• [Exercise description] Keep the images out while you retype all of the data exactly.

• [Data below]

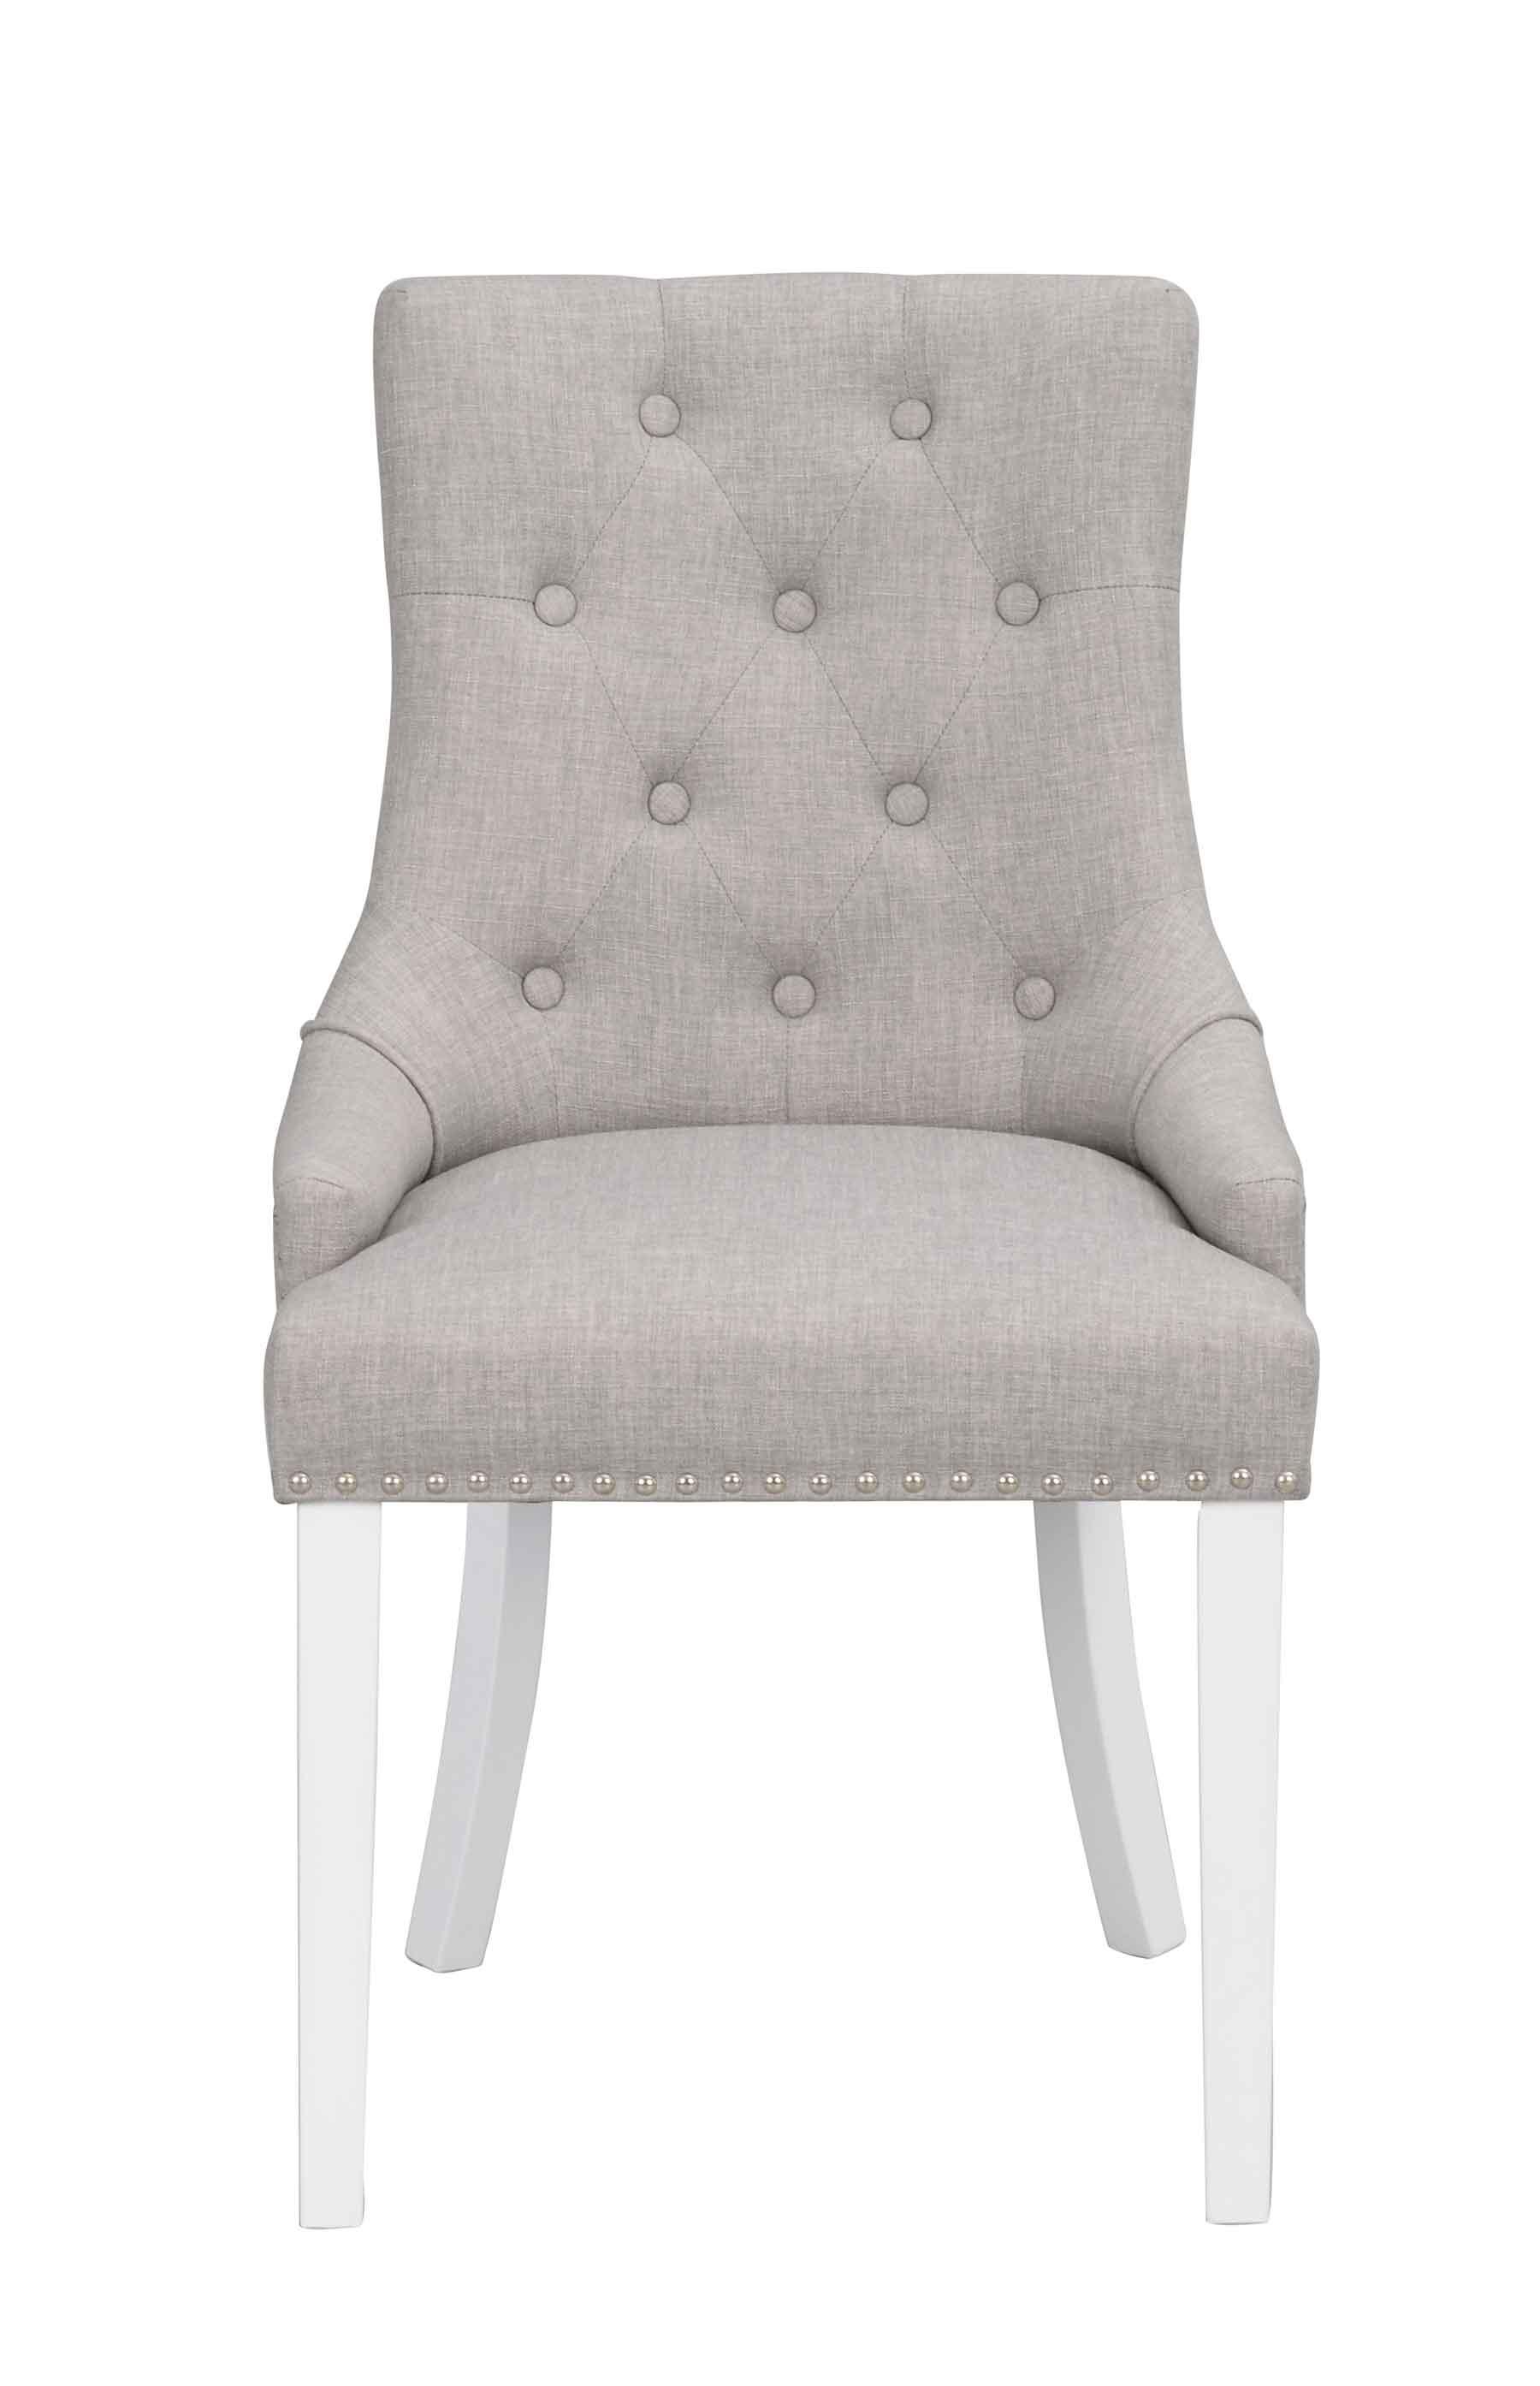 ROWICO Vicky spisebordsstol - lysegråt stof/hvide træben
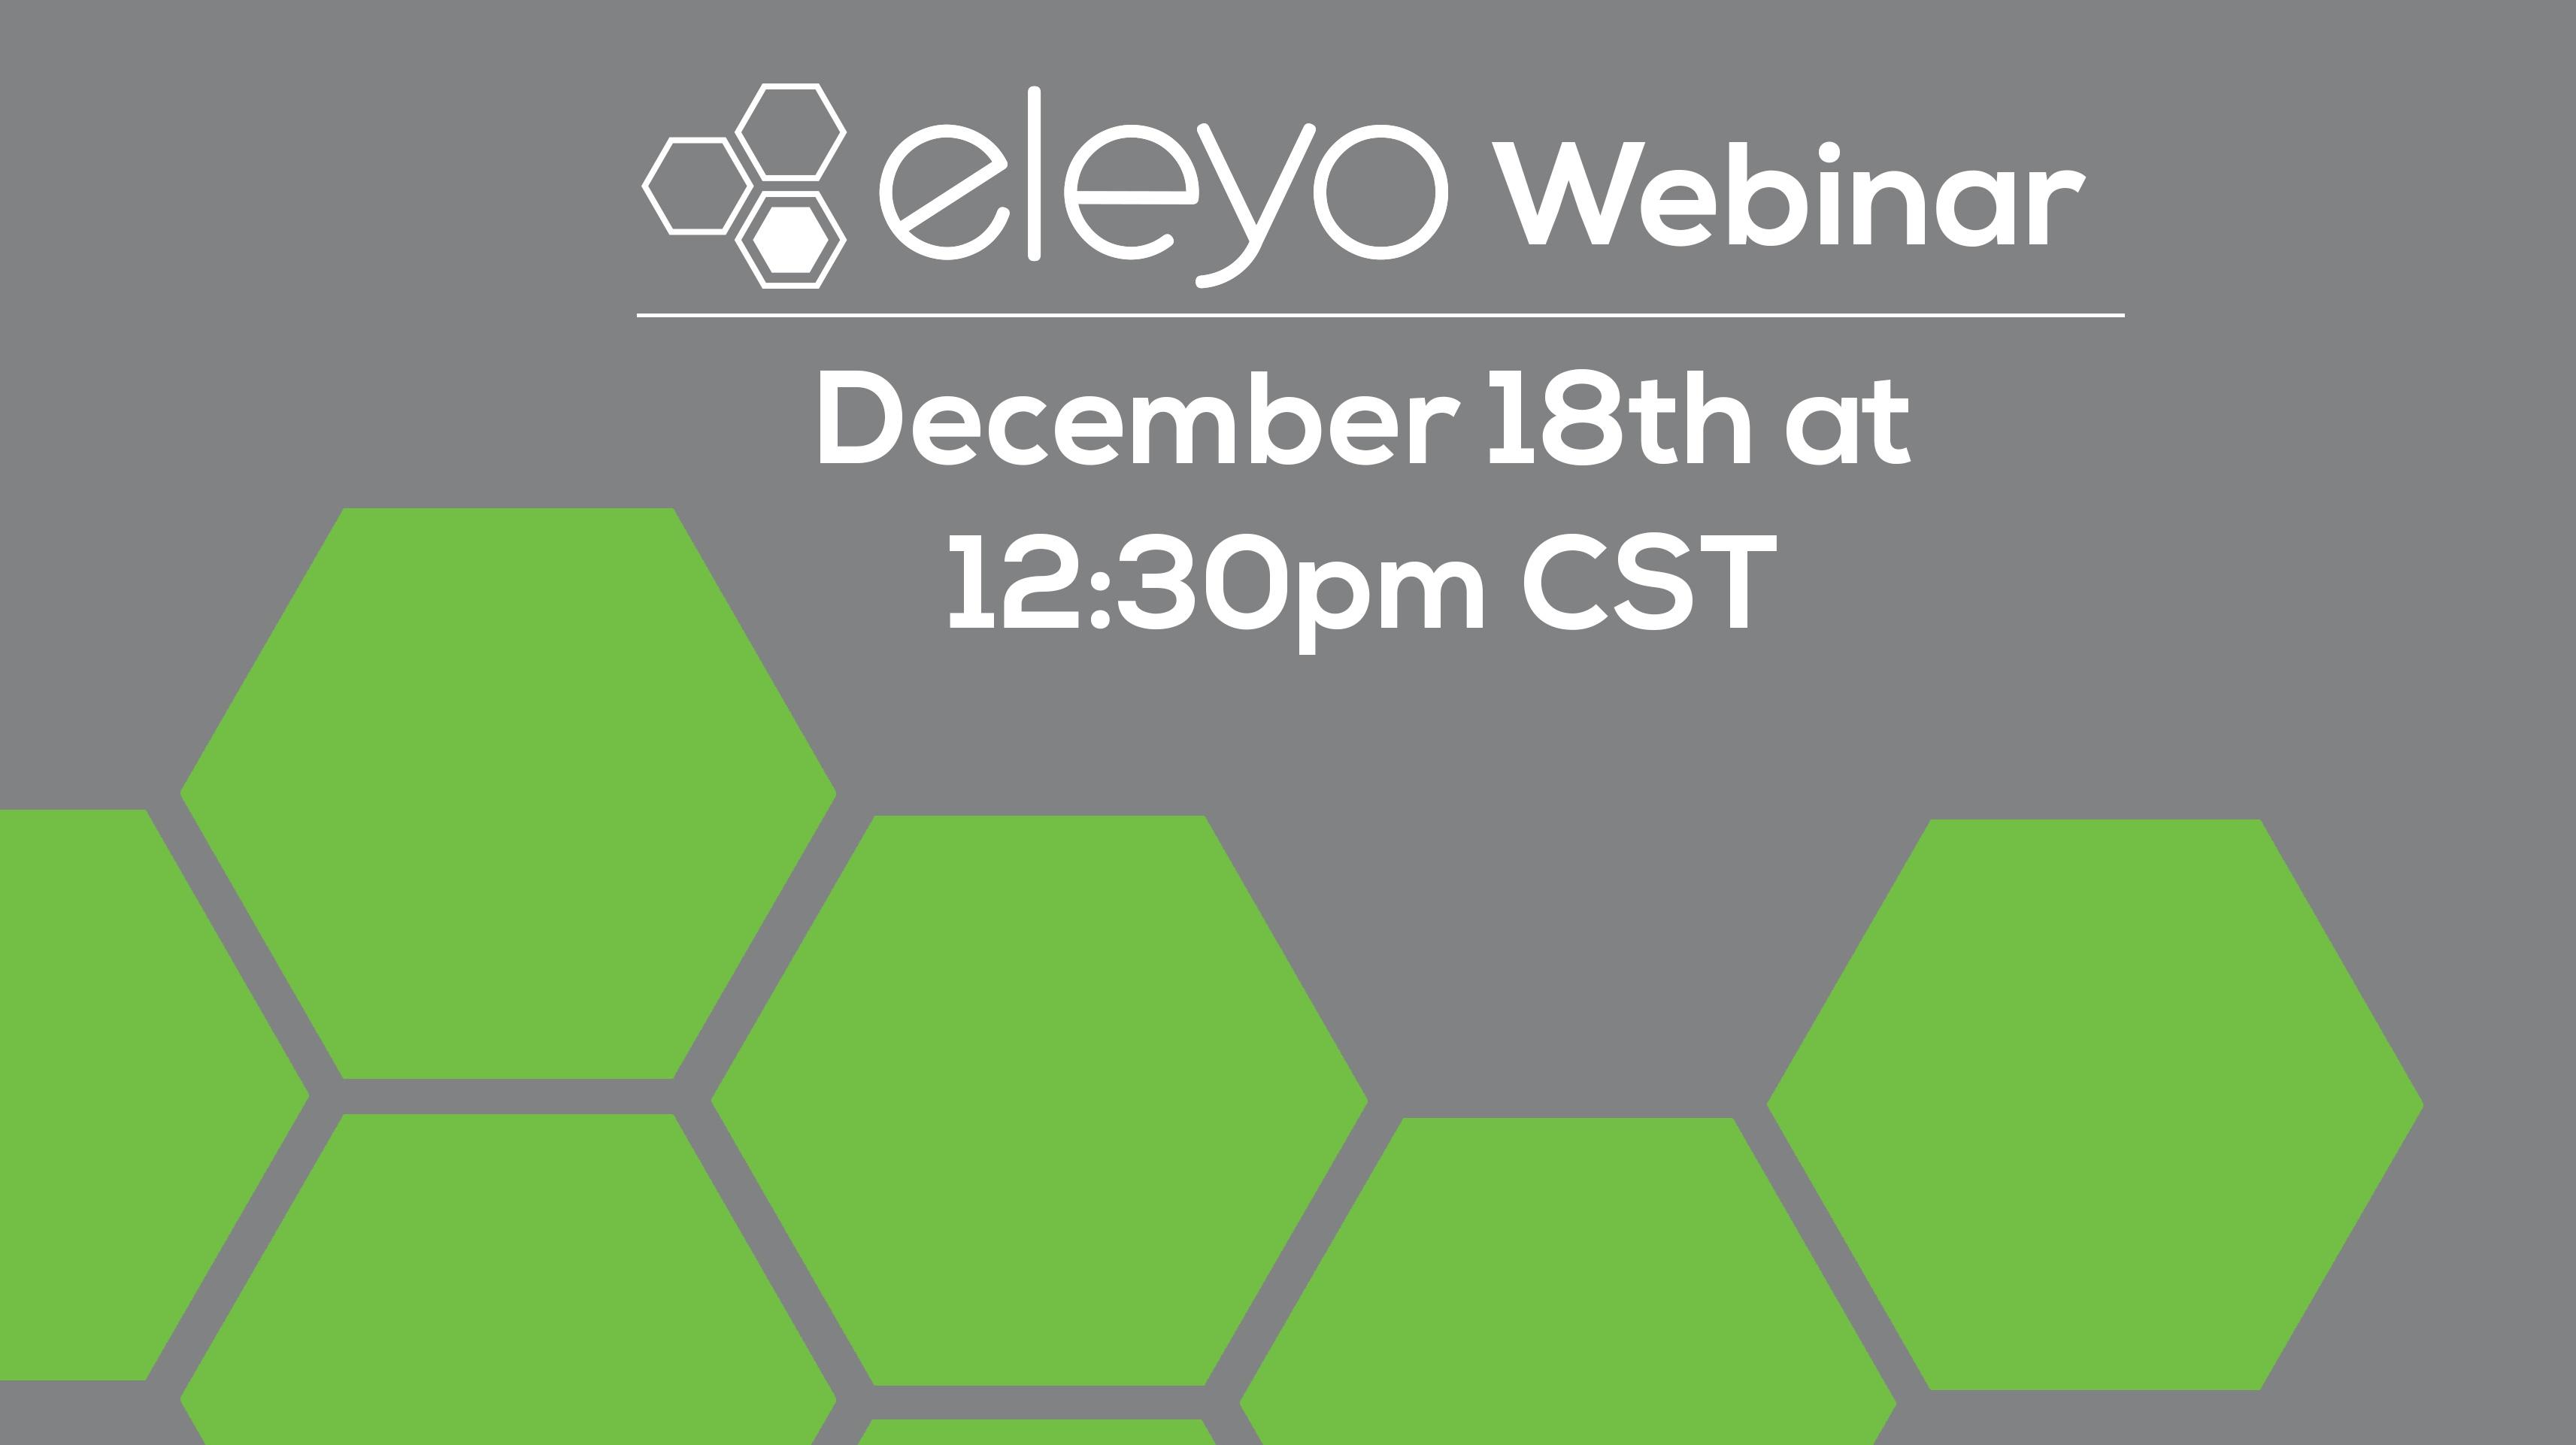 Eleyo: Simplify Program Management December 18th Webinar
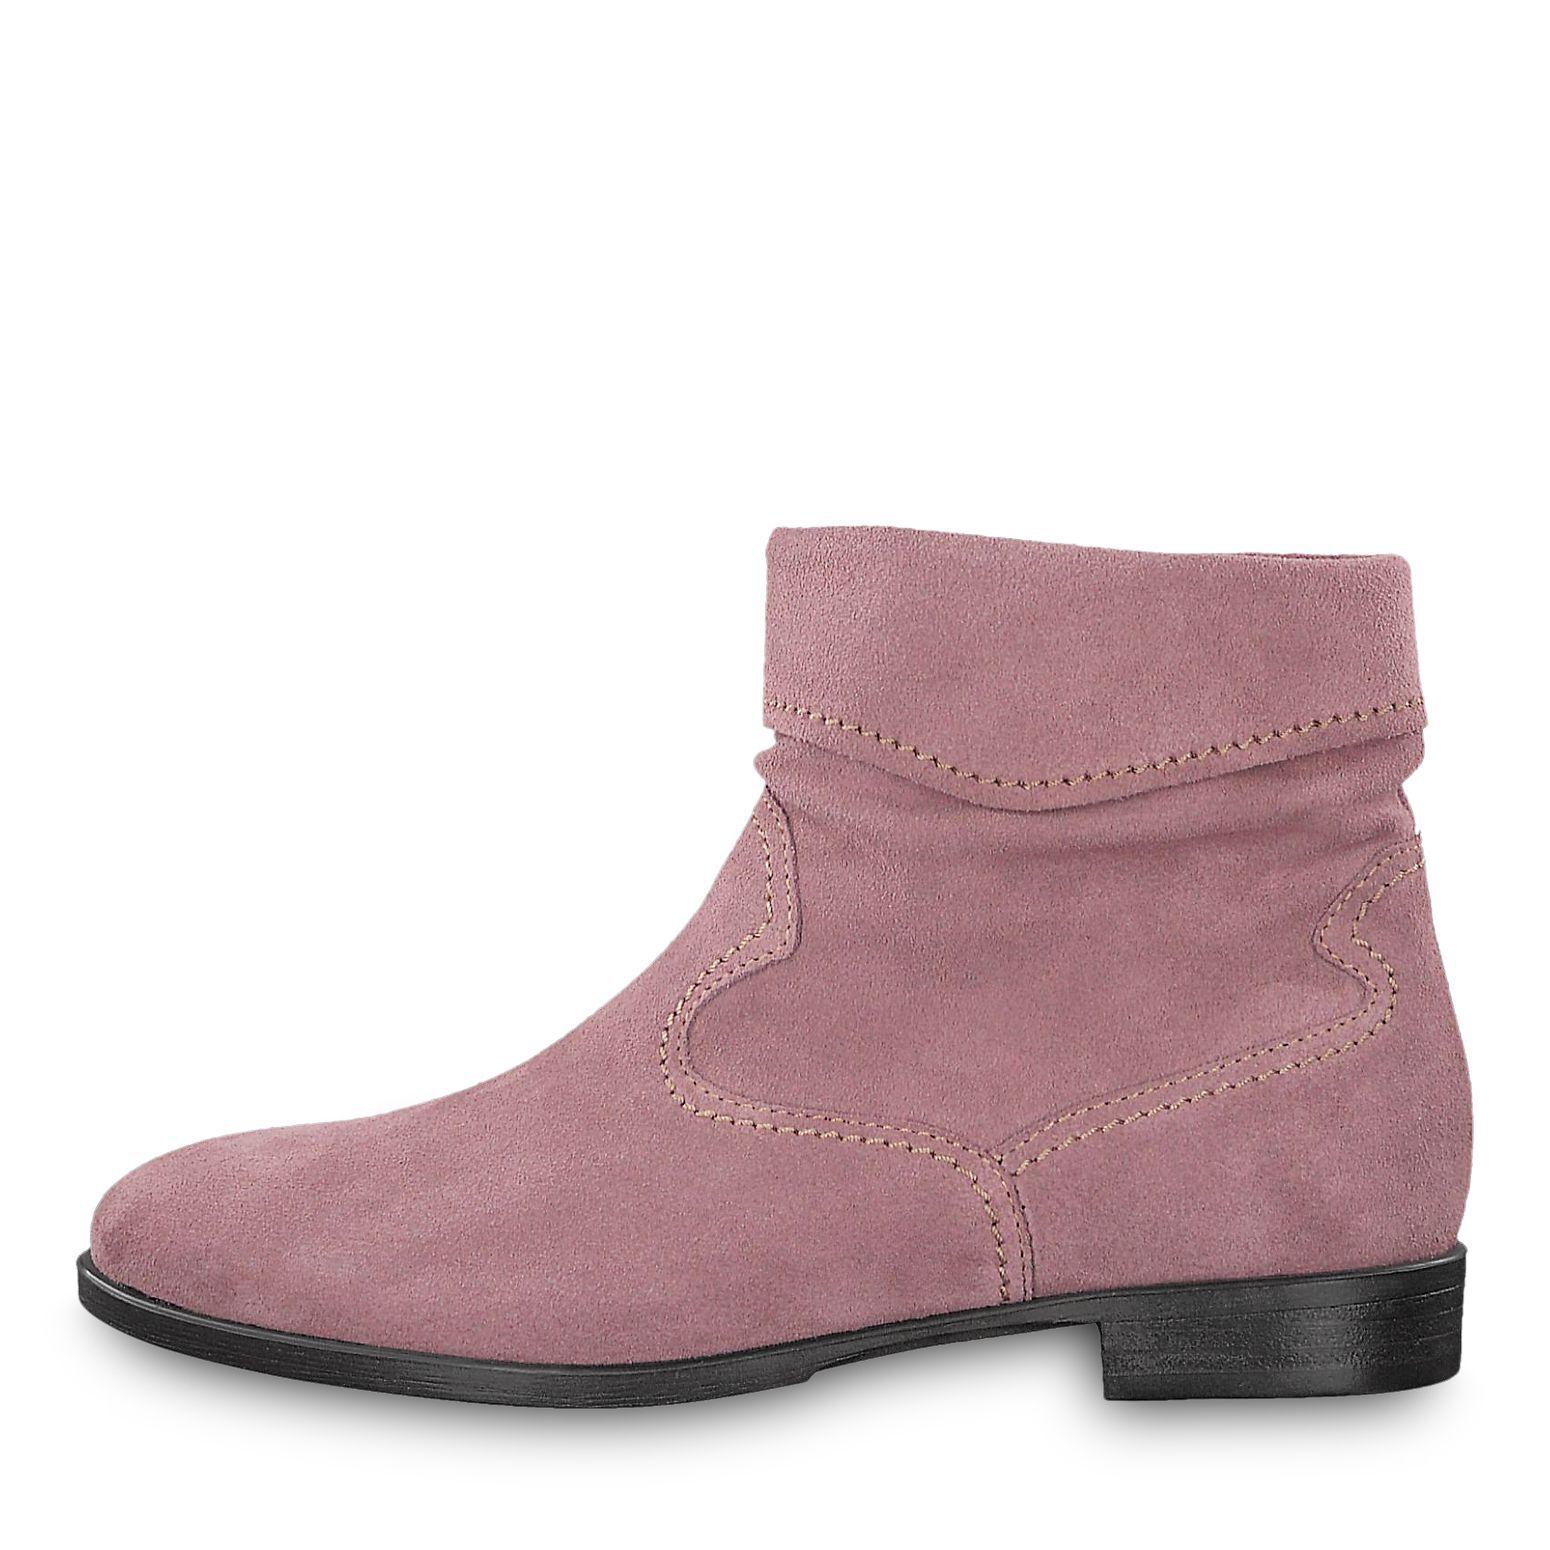 Court Bottes Talons bruts Plateforme Chaussures... Aegyt0JMtK

• [Your response]
 ROWICO Vicky spisebordsstol - lysegråt stof/hvide træben
 Eleyo: Simplify Program Management December 18th Webinar
 Court Bottes Talons bruts Plateforme Chaussures... Aegyt0JMtK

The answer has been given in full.